Monday, April 5, 2010

Thursday, March 25, 2010

Coming To A School Near You


Stop! The season's not done quite yet, as it's time to shake out yesterday's 50km race and begin the first ever North American Tour de Ski tomorrow.


Then, it's off, with a return to the Great Northwest to come.



And soon to a school near you.

Monday, March 15, 2010

Beginnings & Endings

I wonder what I will remember. Not now, but years from now. Settling down by the water's edge at the family cabin, watching the alpenglow slowly fade away, I wonder then what I'll take - what I'll feel the most - from these last days. The days and reminiscences under the banner Vancouver 2010. The highs. The lows. The gutters and strikes, peaks and valleys. A question whose answers can come only full with the perspective of time. My hope is that the good memories outshine the rest, and I'll be able to pick up all the pieces from the rest, and, to steal a line from Jimi Hendrix, make an island / might even raise a little sand

Seeing Bill and Johnny race away from their final pursuer up the final climb into the Olympic stadium, the rest of the world's best nordic combined skiers strewn somewhere behind sent shivers up my spine. To see my old roommate headed to the finishline, arms overhead, taking America's first ever Olympic gold in the nordic disciplines is the kind of moment I can only hope lands these boys on the front cover of the Wheaties box, and inspires many other Americans to get out and inhale and exhale a little oxygen. Especially in the cold of winter.

The feeling of equipping oneself well, to laying out the performance I could on a big day - even if it wasn't up to the standard that gets one's name etched into the annals of time, that's up there with seeing so many family and friends coming from near and afar to pack the sidelines, and cheer me and my competitors on live trailside. Thanks. Sometimes its the grandest of gestures and the simplest of words that mean the most.

Then there's the image etched in my mind of walking to the front doors of Osborn Elementary a group of fifth graders steal a couple glances back before breaking into a giggle, then running into the building and down the hallways to announce their penpal's unannounced arrival back in class. Thanks girls, that made me smile then as it does now to retell the tale.

Is it one of these I will remember? Only time will tell.

Wednesday, February 17, 2010

Wednesday, February 10, 2010

Like a Thunderbolt,

the Olympics are almost here!

Thursday, February 4, 2010

To Seek...

It's on the outskirts of the Banff National Park where I find myself for the last days of preparation before West to Whistler. Isn't this the way it always is, headed West, leaving the stepping stones behind for the land of new adventures and experiences. In my mind's eye I can see the big mountains as I can breathe in the wet, slightly salty maritime air. Ah, sometimes life's too good, isn't it?

Writing these last lines reminds me about what it's all about - the universal appeal of sport and the Olympian's quest. It's to fully inhabit the most traditional and hallowed sense of the world amateur; a lover of. What a feeling it is to wake up every morning, pop out of bed, let out a big, boisterous Shazaam! and get right to it, loving every minute of the process. Maybe it's encouraging to know (somehow, it is for me anyways) that this state of perfection is beyond most Olympian's daily way and means. This, though, is the personal standard. The one most worth striving for.
When you get to this level, hold it, cherish it, nourish it, share it and carry it's memory with you always. I'll try to do the same.

A friend says, "It's so easy to die before the fact of it." This reminds me of the Jack London penned poem, the work urging one to be the spark that burns out in a brilliant blaze, to be that meteor, every atom in magnificent glow.
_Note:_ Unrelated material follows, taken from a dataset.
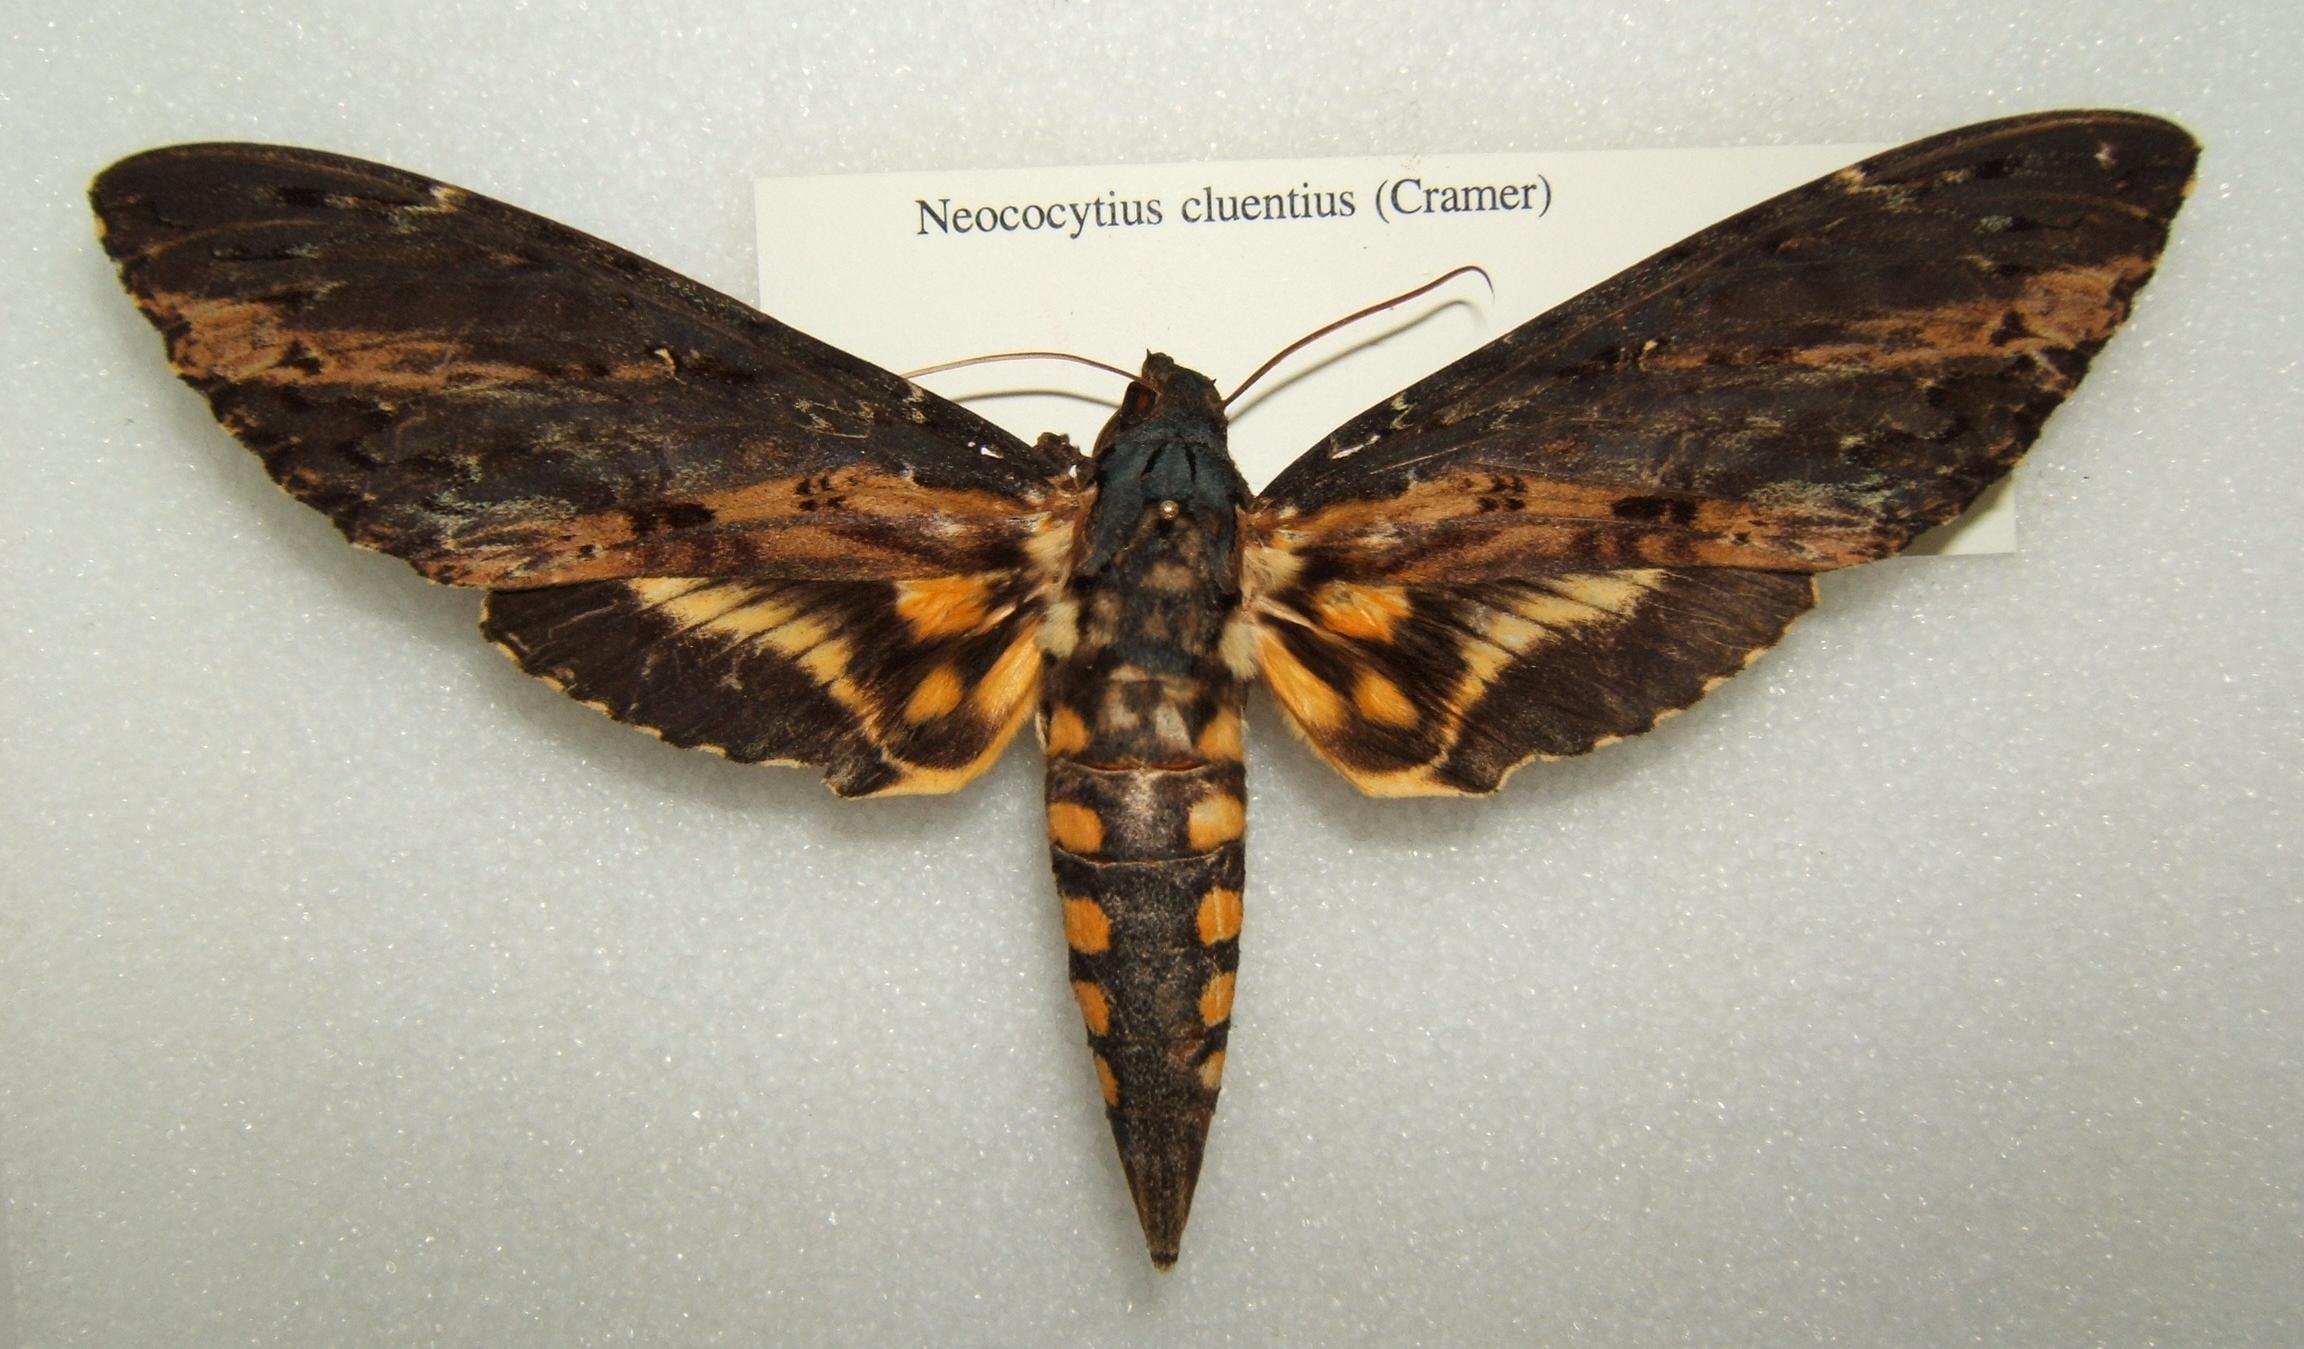 Neococytius_cluentius_sjh.JPG

To this I say, raise high that roof beam, carpenters! To use every fibre of our bodies in taxing effort, to beat back the deadening effect of habit, to abhor merely existing and instead shine, shine, shine like that exploding star shooting across the dark night sky.

Monday, February 1, 2010

Raise High the Roof Beam, Carpenters

It's a quiet Sunday night as I begin to write. At first it's all stuttering and stopping, cross and erasing. The creative complexity of writing, of making language flow from thought, escapes me. I'm trying too hard. I'm thinking too grand.

I go back to the basics. Write about what you know. Use single, short declarative sentences. Always seek the active voice. Show, don't tell. Write. Put pen to paper. Then, only then, let the inner copy writer's voice come out.

Finally it comes. Yes, this is. If I had to compose a group of words to live by, these might be mine.